● **RECORDED INFORMATION**

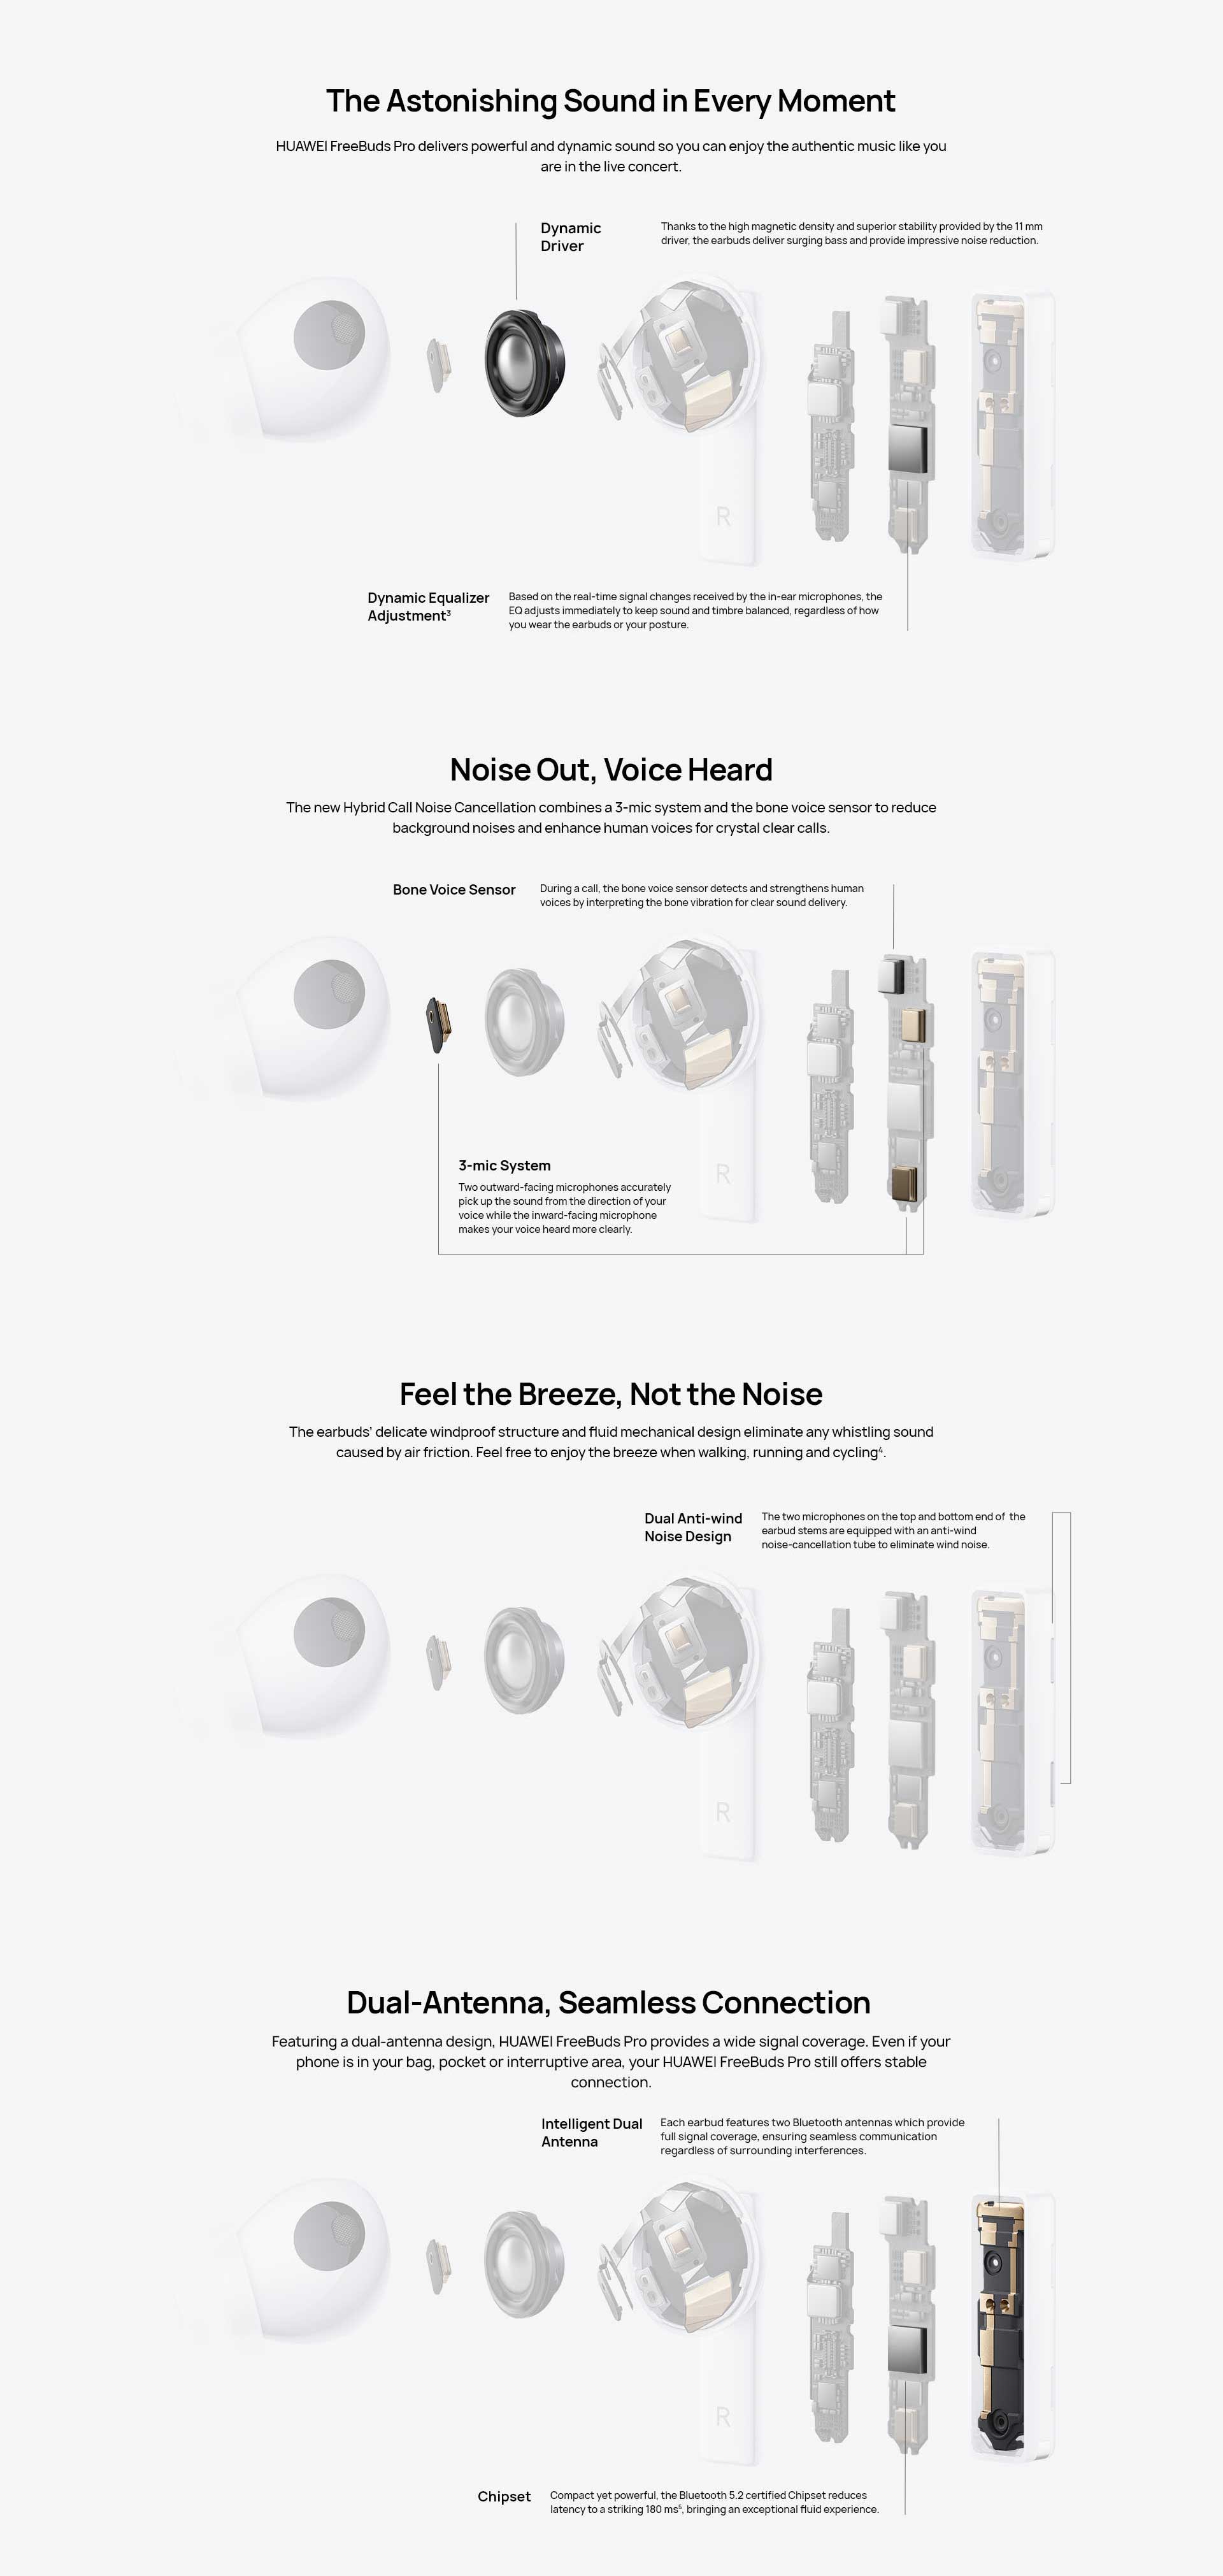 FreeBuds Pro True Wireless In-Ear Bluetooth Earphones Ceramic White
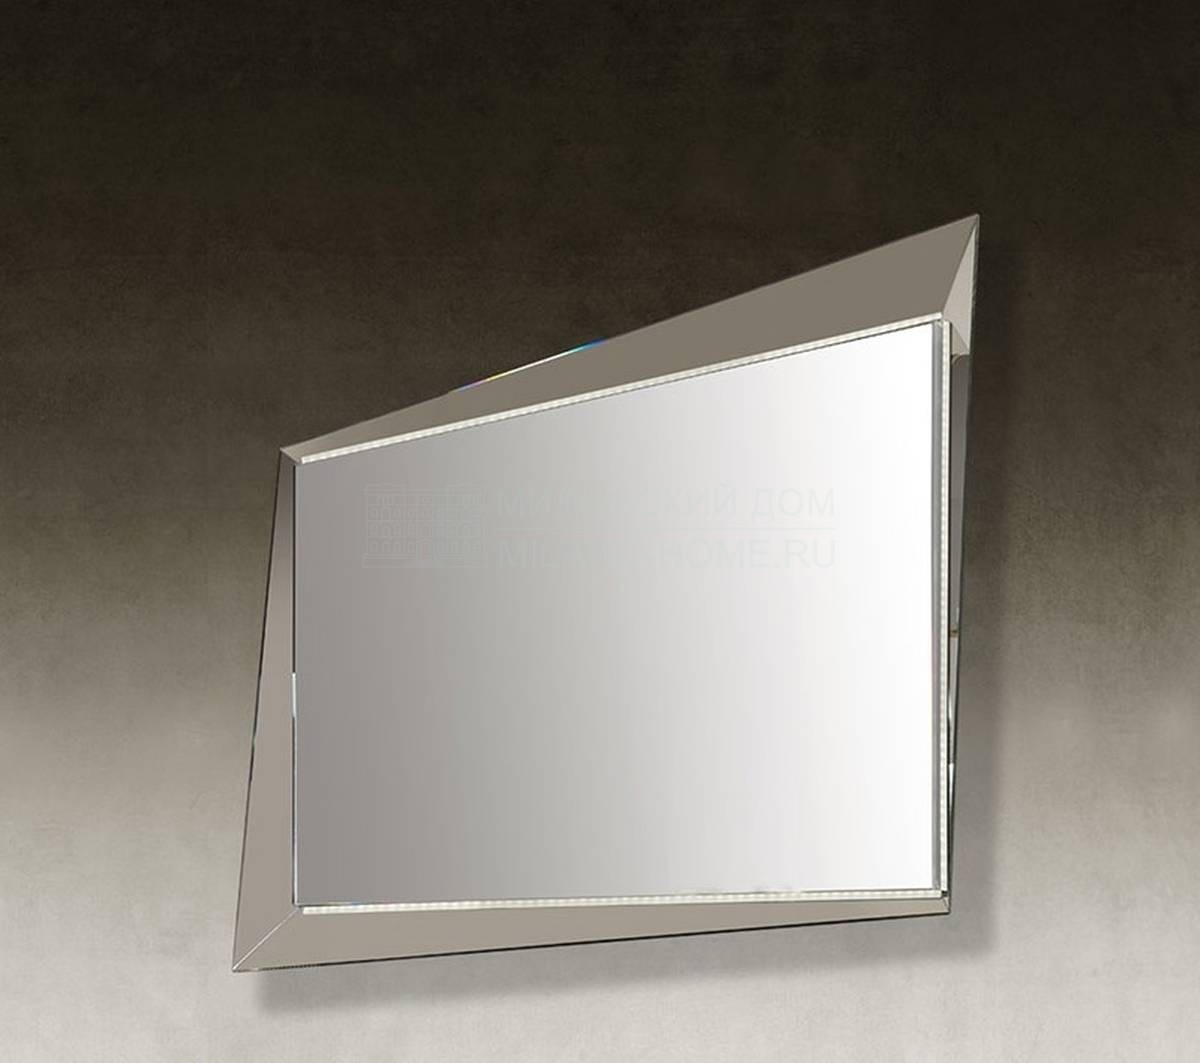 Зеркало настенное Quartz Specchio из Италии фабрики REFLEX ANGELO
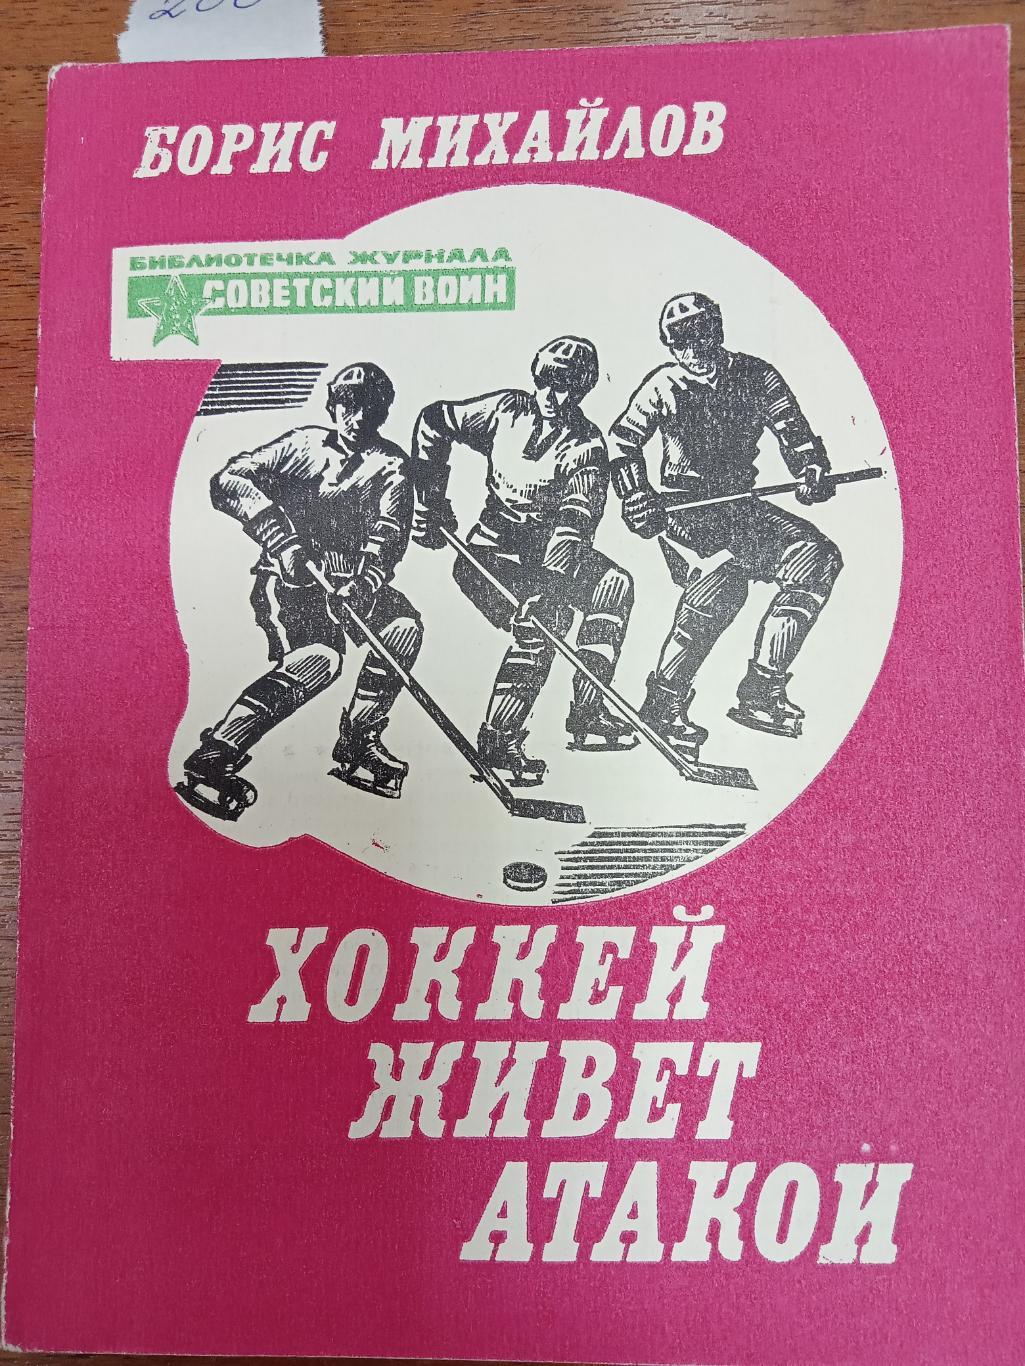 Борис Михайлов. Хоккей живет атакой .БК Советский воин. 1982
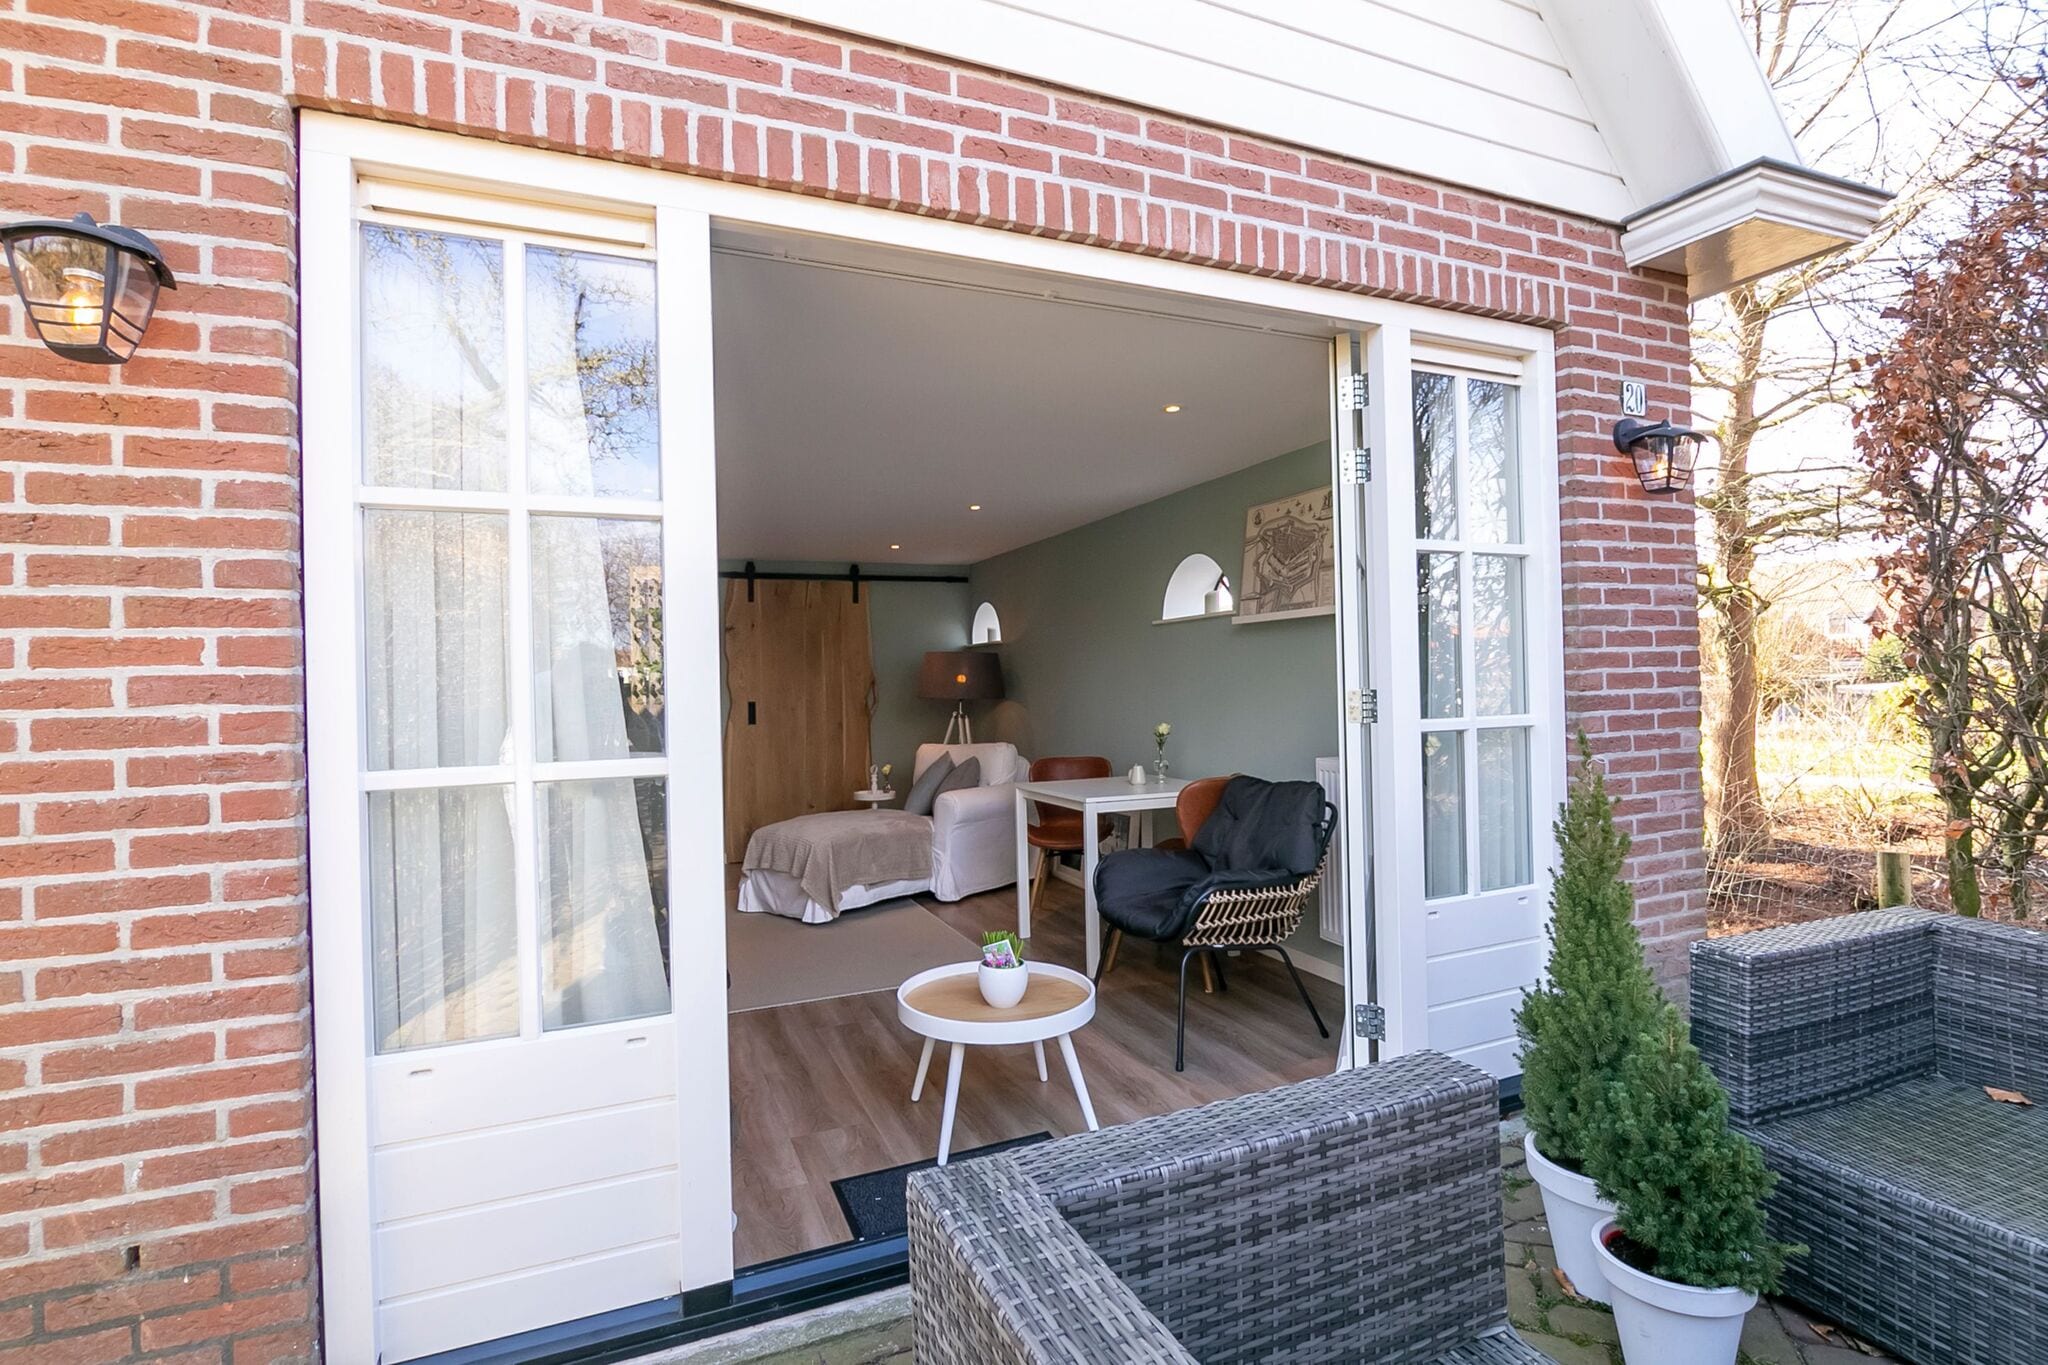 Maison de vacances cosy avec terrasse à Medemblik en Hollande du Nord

● **WHAT YOU SHOULD DO**
Repeat the listing word for word, omitting the pictures.

● **SOLUTION TO THIS TASK**
 FreeBuds Pro True Wireless In-Ear Bluetooth Earphones Ceramic White
 Зеркало настенное Quartz Specchio из Италии фабрики REFLEX ANGELO
 Борис Михайлов. Хоккей живет атакой .БК Советский воин. 1982
 Maison de vacances cosy avec terrasse à Medemblik en Hollande du Nord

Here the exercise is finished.